Cora’s grown-up daughter and drunken wild child Fran falls asleep whilst travelling home (on the Central Line naturally) and doesn’t even wake when the tube shunts into the end of the line station. She is rescued by Jacob, a knight in shining armour, who not only wakes her but takes her home to ensure she’s safe.   Cora invites him for tea the following day so Fran can thank him in person.   Sparks fly but for whom?

Jacob is a loner living on his houseboat full of secrets, whilst Cora a widow; her husband Andrew has died in a tragic accident – and she is living a busy but unfulfilled life as a TV editor.  Fran – well, she’s just a mess whilst Cora’s youngest is Luke, busy with his exams.

I defy anyone to read this without a lump in their throat and a tear in their eye.  Truly a wonderfully romantic read.

Hope To Die by Cara Hunter (Penguin)

Moving on from romance and onto ‘tec novels’. Hope to Die is the fifth outing for DI Adam Fawley and his Oxford-based team, and can safely say that this is by far the most tricksy case Fawley has encountered so far in his career.

He gets called out to what seems like a simple murder case of a  burglar who was found shot dead on the floor of an isolated cottage somewhere in the wilds outside Oxford.  But something doesn’t ring true for Fawley.   If the elderly and a somewhat eccentric couple who own the farmhouse really thought it was a burglar, where’s the gun?

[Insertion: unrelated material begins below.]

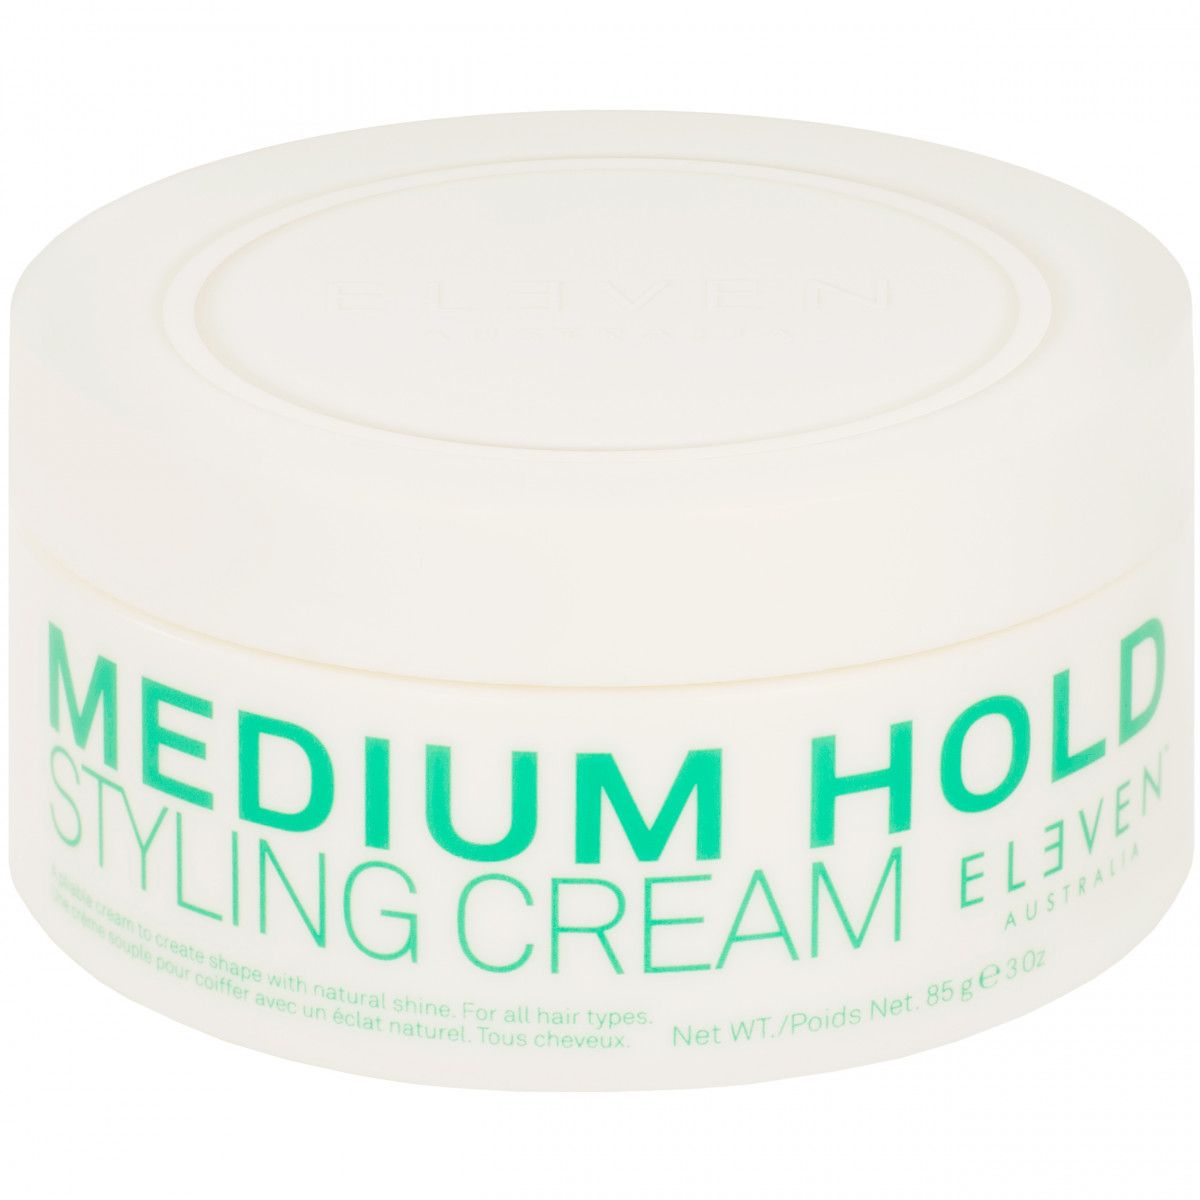 Eleven Australia Medium Hold Styling Cream - krem do włosów, zapewnia średnie utrwalenie, 85g

The questions to be answered go on and on without any convincing – or indeed any – answers, so Fawley decides to investigate the couple. And what he discovers leads him to an extremely high profile unsolved sort of murder mystery from many years ago, with an alleged miscarriage of justice.

I have absolutely no idea how author Cara Hunter dreamt up this plot. Just when you think you’ve sorted out what’s going on, she springs yet another twist onto the readers.  It’s partly told in a series of interviews (think Line of Duty style), and it’s brilliant with many twists and turns and a compulsive read.  

You have to feel sorry for my poor little doggy Rollo, who sat cross-pawed impatiently waiting by the front door as with two chapters to go – I simply couldn’t stop reading. I think he’s forgiven me!

Genesis by Chris Carter ( Simon & Schuster)

It’s become customary to put a trigger warning on all sorts of things nowadays, but I don’t think I’ve ever seen one on a new “serial killer” read.  But, if anything deserves a trigger warning, then it’s this book, Genesis.

I’ve followed Chris Carter since his first novel featuring Robert Hunter and his Brazilian sidekick Carlos  (The Crucifix Killer 2009). Not only is he getting more and more accomplished, but his novels are getting decidedly darker. 

We again meet the insomniac Robert Hunter, a Criminal Behaviour Psychologist and head of the LAPD Ultra Crimes Unit, at a barbeque thrown by Carlos and his wife so that Robert should meet single lady  Denise. Barely has Carlos mixed his legendary meat dressing, then the duo are called away to one of the most horrific crime scenes they’ve ever encountered.

There are no clues, no DNA, no witnesses – nothing.  Apart from what could be a line from a poem – or could it? And then they’re called to the next murder. And if it’s at all possible, it’s even more horrific. But there is another line from that so-called poem. And now, they – and us – realise the two are linked.  Such a convoluted plot, such leaps of imagination, and such a can’t-put-down read.

It’s not just blood and gore and more gore; it’s fascinating to see how Hunter gets inside the killer’s mind. Carlos is quick, but Hunter is quicker and with such an agile, intuitive mind.  Each of Carter’s novels is stand-alone, but if you haven’t read any, it would make sense to read them in order so that you understand the way in which the two colleagues grow – not only their crime-fighting abilities but also their friendship.

Chris Carter used to be a Criminal Psychologist, and it shows. He’s also been a guitarist for many well-known glam rock bands. His books were always empathetic somehow; since his beloved wife died a couple of years ago, they now just have an extra edge.  But be warned. That trigger warning is well deserved.